David Ogilvy, hailed as the “Father of Advertising”, was a Scotsman who worked as a farmer and a French chef before moving to New York to open an advertising agency. He was an advertising pioneer and his advice still rings true today, 70 years after his book Confessions of an Advertising Man was first published.

The book is part-autobiographical. It is written in a light, conversational style, and sprinkled with lists: dos and don’ts for everything from how to get and keep clients, to how to write potent copy and how to manage an advertising business. Ogilvy emphasizes that good business requires hard work, being well-prepared, and building strong interpersonal relationships with clients by being intellectually honest and reliable.

Ogilvy gives tips about how to attract buyers, as well as how to get the right clients. His rules for choosing clients include:

  • being proud of and using clients’ products
  • working with companies that appreciate what you do for them
  • having a single person responsible for each campaign
  • not working with associations/boards of decision-makers
  • making friends with your clients and buying shares in their company.

His opinion on creativity would be considered contentious today: he believes that the word should be expunged from one’s vocabulary, and that teamwork is “bunkum”; there are good and bad writers, that’s all. A good advertising campaign is not one that is clever or artful, but one that sells; the artifice of the advertiser must be concealed.

A good marketing campaign:

  • says the right things, regardless of how
  • gives facts
  • centres on a great idea
  • is contemporary (hire young copywriters, says Ogilvy)
  • has a unique voice
  • repeats until it stops pulling
  • builds a brand image
  • uses photographs to arouse curiosity and compel the audience to read the copy
  • is not copied from someone else.

Discounts and special deals do not create a solid money-making client base, as the purpose of advertising is to have more repeat buyers, more loyal buyers. And the most important point about a good campaign is to never write an advertisement you wouldn’t want your own family to read.

There is also an almost 2-page list of advice on making long copy more readable, including:

– use bullets or numbering for unrelated points (You see what I did there?)

– use type 10+ serif type

– use bold or italic for key paragraphs

– never set copy in reverse (white type on black background)

– never set your advert entirely in capital letters, and

– never “deface your illustration by printing your headline over it”.

There is even a chapter with specific advice for food products, tourist destinations and proprietary medicines, most of which is still usable (and often ignored to companies’ peril) today.

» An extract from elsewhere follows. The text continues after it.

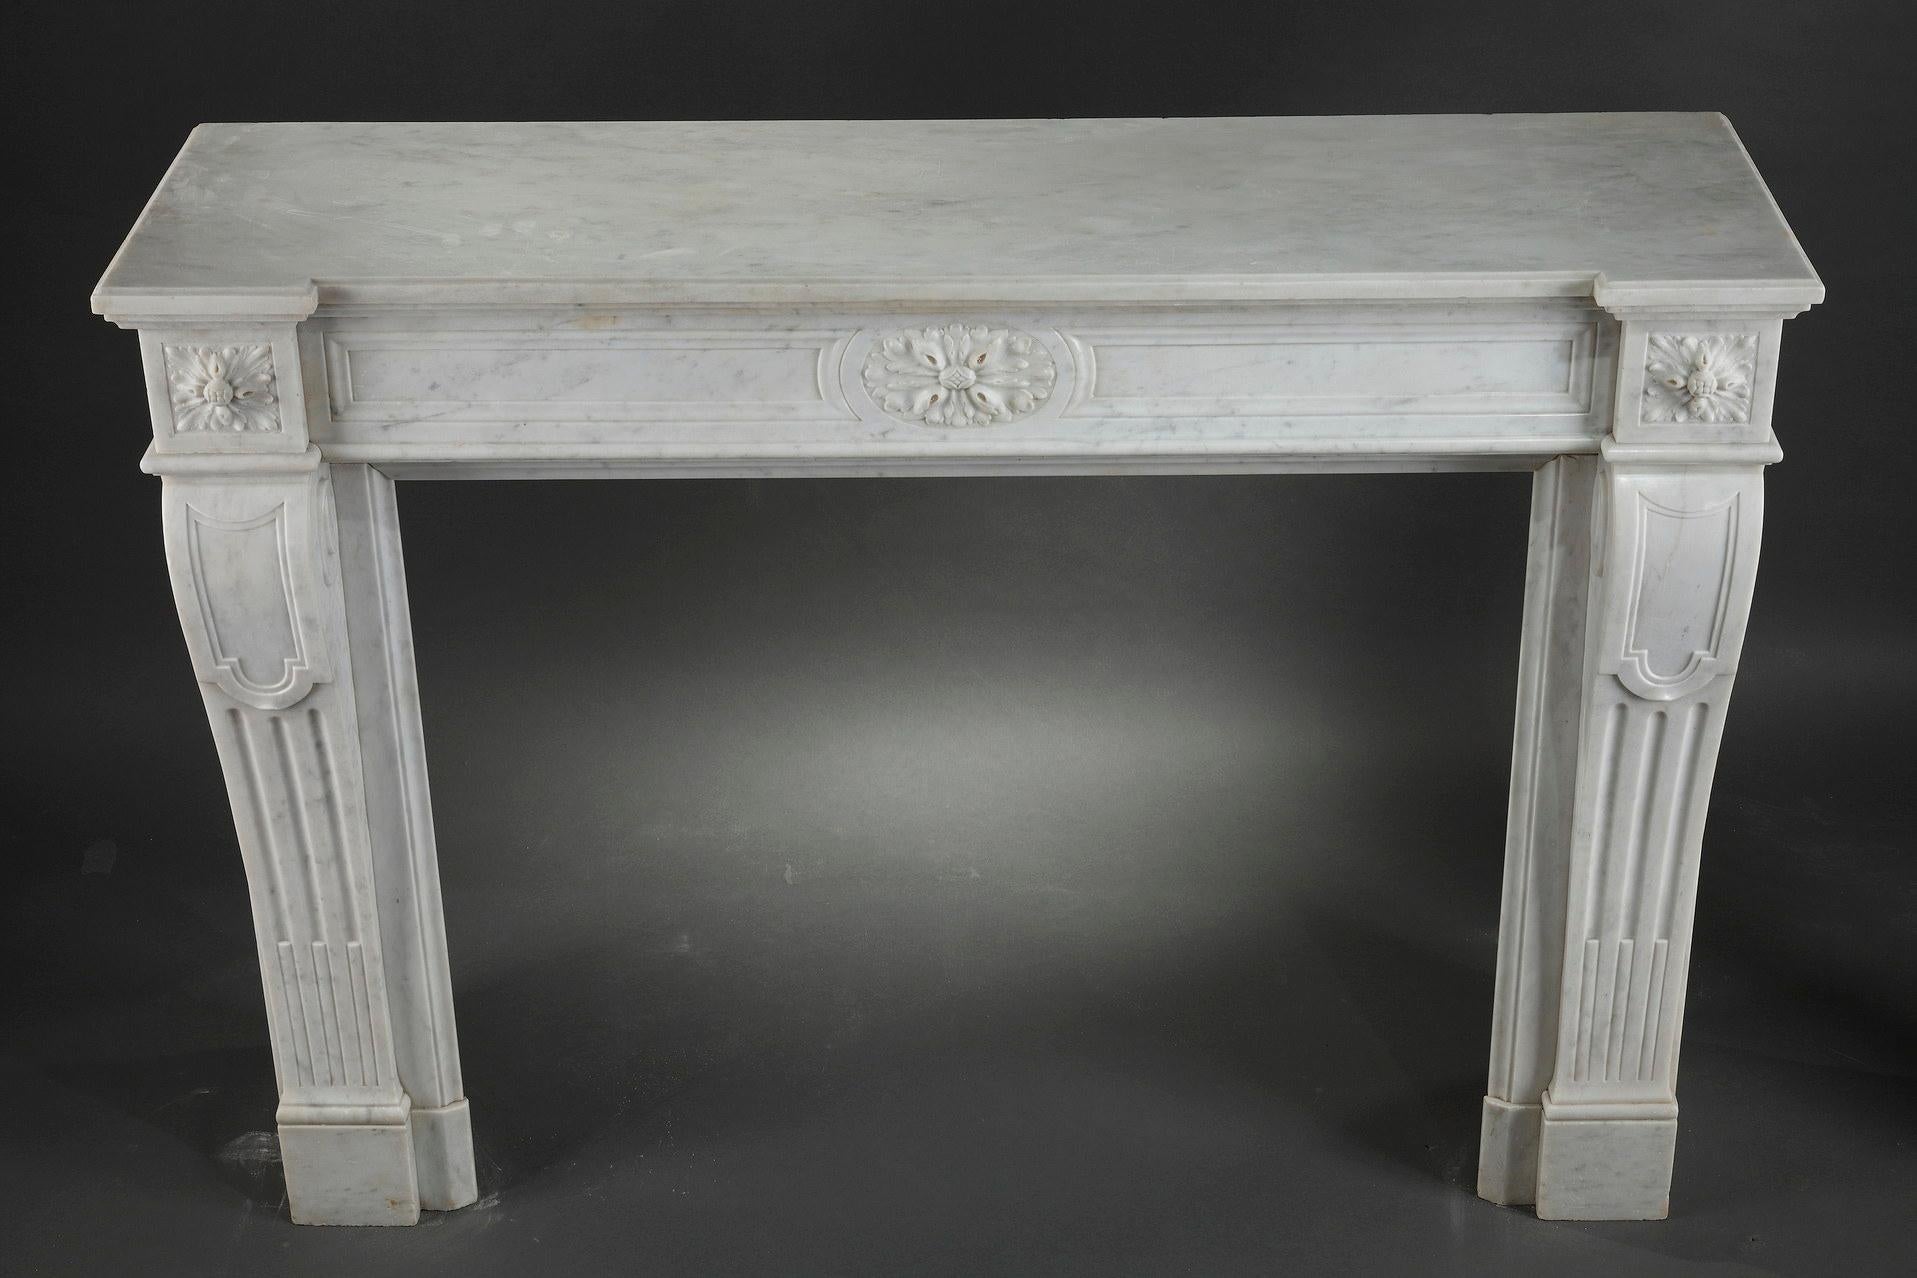 Beautiful Louis XVI-inspired chimney mantelpiece, made in white

It is important to note that Ogilvy was not a self-made man, despite him making himself sound like one. On page 51 he tells the reader how his elder brother, a Managing Director of Mather & Crowther Ltd. (a large advertising agency) augmented Ogilvy’s capital and lent him the company’s name and clout. Ogilvy was an excellent businessman and a hard-working man but he came from a rich and educated background and built on that.

And he built well and hard. Ogilvy’s advertising agency still exists, albeit under a new name, 73 years later. Ogilvy’s advice continues being at the core of all advertising, and it can also be applied to general business practice.

A final thought of Ogilvy’s that bears repeating no matter what industry you are in:

Big ideas are usually simple ideas.

So a question for you, the reader: which books do you swear by in your line of work?